━━━━━ PROVIDED ENTRIES ━━━━━

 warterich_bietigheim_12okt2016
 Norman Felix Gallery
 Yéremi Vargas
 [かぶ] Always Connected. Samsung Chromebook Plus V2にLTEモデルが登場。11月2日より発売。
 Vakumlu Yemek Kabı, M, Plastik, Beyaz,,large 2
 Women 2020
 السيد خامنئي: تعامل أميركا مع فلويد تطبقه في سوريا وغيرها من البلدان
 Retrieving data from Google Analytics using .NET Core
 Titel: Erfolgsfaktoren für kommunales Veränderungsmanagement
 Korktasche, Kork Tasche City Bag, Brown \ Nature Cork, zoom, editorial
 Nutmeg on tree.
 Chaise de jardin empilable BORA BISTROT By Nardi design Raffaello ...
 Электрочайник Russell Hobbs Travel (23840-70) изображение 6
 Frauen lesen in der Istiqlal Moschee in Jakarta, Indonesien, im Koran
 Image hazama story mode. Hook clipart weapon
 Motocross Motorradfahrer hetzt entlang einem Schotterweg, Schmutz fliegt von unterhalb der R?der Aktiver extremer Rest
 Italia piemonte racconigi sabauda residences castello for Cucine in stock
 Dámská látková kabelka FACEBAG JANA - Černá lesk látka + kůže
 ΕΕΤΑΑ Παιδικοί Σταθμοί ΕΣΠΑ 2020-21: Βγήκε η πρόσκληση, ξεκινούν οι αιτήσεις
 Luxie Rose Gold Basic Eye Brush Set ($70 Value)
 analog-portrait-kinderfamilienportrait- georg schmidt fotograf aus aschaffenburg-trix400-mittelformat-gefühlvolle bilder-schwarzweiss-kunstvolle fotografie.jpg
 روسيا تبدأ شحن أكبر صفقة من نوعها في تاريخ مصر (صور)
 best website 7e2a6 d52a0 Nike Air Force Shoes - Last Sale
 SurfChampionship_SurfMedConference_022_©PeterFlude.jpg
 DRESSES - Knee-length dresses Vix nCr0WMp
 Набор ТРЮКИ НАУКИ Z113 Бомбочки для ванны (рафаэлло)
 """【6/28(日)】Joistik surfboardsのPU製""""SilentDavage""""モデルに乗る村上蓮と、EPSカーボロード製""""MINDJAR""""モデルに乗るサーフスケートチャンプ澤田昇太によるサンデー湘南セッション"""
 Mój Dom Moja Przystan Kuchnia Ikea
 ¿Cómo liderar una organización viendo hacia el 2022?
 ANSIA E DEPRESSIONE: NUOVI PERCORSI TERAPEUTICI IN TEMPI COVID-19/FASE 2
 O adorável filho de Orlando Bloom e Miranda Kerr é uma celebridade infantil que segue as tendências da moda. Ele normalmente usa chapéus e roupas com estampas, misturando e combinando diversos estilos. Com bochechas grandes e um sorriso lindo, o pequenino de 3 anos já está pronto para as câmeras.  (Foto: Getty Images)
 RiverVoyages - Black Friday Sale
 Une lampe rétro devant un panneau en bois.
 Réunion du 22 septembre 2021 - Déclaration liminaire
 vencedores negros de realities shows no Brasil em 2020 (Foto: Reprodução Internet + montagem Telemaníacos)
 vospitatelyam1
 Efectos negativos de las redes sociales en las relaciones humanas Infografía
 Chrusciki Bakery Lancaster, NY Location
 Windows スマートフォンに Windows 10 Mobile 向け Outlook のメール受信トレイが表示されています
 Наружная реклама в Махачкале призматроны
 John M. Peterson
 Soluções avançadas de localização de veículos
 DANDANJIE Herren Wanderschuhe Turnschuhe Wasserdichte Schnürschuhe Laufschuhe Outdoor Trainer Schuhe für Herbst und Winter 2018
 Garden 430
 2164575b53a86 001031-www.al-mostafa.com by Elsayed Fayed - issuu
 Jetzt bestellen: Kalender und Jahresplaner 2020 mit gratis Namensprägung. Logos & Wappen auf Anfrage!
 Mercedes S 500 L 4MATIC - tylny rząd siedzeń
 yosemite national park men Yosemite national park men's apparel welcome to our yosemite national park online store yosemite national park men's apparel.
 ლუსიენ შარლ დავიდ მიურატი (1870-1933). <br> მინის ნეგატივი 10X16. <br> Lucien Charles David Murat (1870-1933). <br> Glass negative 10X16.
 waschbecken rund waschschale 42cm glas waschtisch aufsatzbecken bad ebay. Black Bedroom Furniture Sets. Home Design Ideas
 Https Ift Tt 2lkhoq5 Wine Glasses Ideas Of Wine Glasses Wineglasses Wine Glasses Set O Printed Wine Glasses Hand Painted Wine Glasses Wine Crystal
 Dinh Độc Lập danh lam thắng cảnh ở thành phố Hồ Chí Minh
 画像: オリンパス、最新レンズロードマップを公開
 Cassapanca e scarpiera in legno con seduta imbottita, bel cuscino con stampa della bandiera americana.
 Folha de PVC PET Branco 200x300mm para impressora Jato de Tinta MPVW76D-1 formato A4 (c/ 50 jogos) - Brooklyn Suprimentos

━━━━━

— WHAT THE EXERCISE ASKS —
What you output must be the lines from the opening of the material above up to and including the line with "Retrieving data from", reproduced exactly.

— TASK RESPONSE —
 warterich_bietigheim_12okt2016
 Norman Felix Gallery
 Yéremi Vargas
 [かぶ] Always Connected. Samsung Chromebook Plus V2にLTEモデルが登場。11月2日より発売。
 Vakumlu Yemek Kabı, M, Plastik, Beyaz,,large 2
 Women 2020
 السيد خامنئي: تعامل أميركا مع فلويد تطبقه في سوريا وغيرها من البلدان
 Retrieving data from Google Analytics using .NET Core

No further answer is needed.